I knew she and Iwase had been writing to each other. The reason he wanted the job, I figured, was so that he could see her. He’d shown me one of her letters once:
Dear Hide-bo. How are you?
(Iwase’s given name was Hideo.)
I’m listening to a session by Booker Little and Eric Dolphy as I write this. You’re probably right about me being a weak person. I know I shouldn’t care what people think
,
I should trust my own feelings. But when I think about all the people around me I just lose my nerve...
When I asked what she was talking about, Iwase played dumb and said he didn’t know, but it was pretty clear to me that she was involved in some sort of
forbidden love
: a sales manager, married with kids; a yakuza; her stepfather; her pet dog—something along those lines, probably. If there was one area in which Iwase was more grown-up than I was, it was his connection with this chick. Whenever I mentioned her, he’d smile knowingly and mutter, “She’s a real woman.” I was jealous. For all I knew he might cross the line before I did. I remembered her sitting there in her thin dress. It was true, she did have a “real woman” sort of air about her; not like the whores with their cheap perfume who hung out in bars full of foreigners, but something that ordinary young women working in the real world had. Why should Iwase bring up the Riverside Café now, though, as we were walking to the hideout in the rain? “You’re going there so you can see your salesgirl, right?” I said. “How’d you guess?” he said, nodding and giggling—-if you could call that creepy sound a giggle. With Adama and me taking control of the Northern High JCA Committee, Iwase must have felt insecure about his own position, and this was probably his way of reasserting himself. A vision of that sweet-smelling salesgirl, naked, filled my brain. It pissed me off, and in my heart I shouted:
I hope she
dumps you like a turd!
The hydrangeas along the road were just beginning to change color, and Adama, ignoring us, was poking at them with the tip of his umbrella. Adama was cool.

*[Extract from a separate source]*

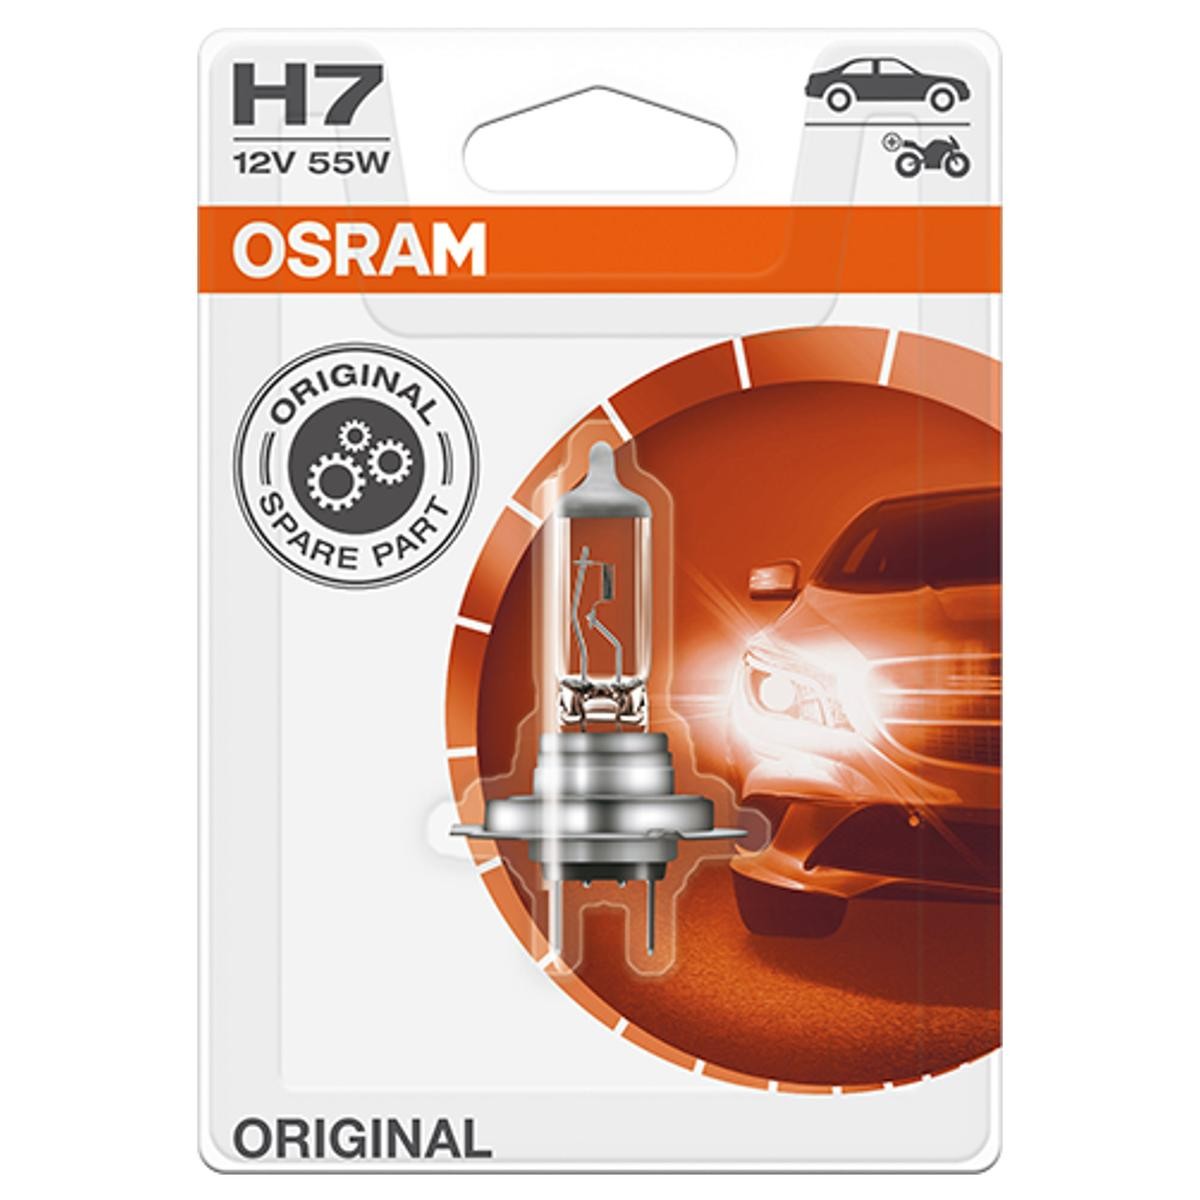 OSRAM 64210-01B DACIA Lampe für Fernlicht H7 12V 55W3200K Halogen

                                                                                                                                                                                                                                                                                                                                                                                                                                                                                                                                

“Power to the Imagination.”

This was the slogan we decided to paint on the banner. Narushima and Otaki wanted it to be some cliché like
“Fight the Good Fight,”
but Masutabe and his classmates were overwhelmingly in favor of choosing one of the slogans Adama and I had taken from a collection of graffiti produced during the May Revolution in Paris—things like “Reject Pre-established Harmony!” and “Beneath the Pavement Lies a Desert.”

It was fun thinking up slogans of our own. We all wrote them down on little strips of paper and read them aloud. Outside the window, rain was falling like fine silver needles. All we needed were conical straw hats and we’d have looked like Basho and his boys writing haiku.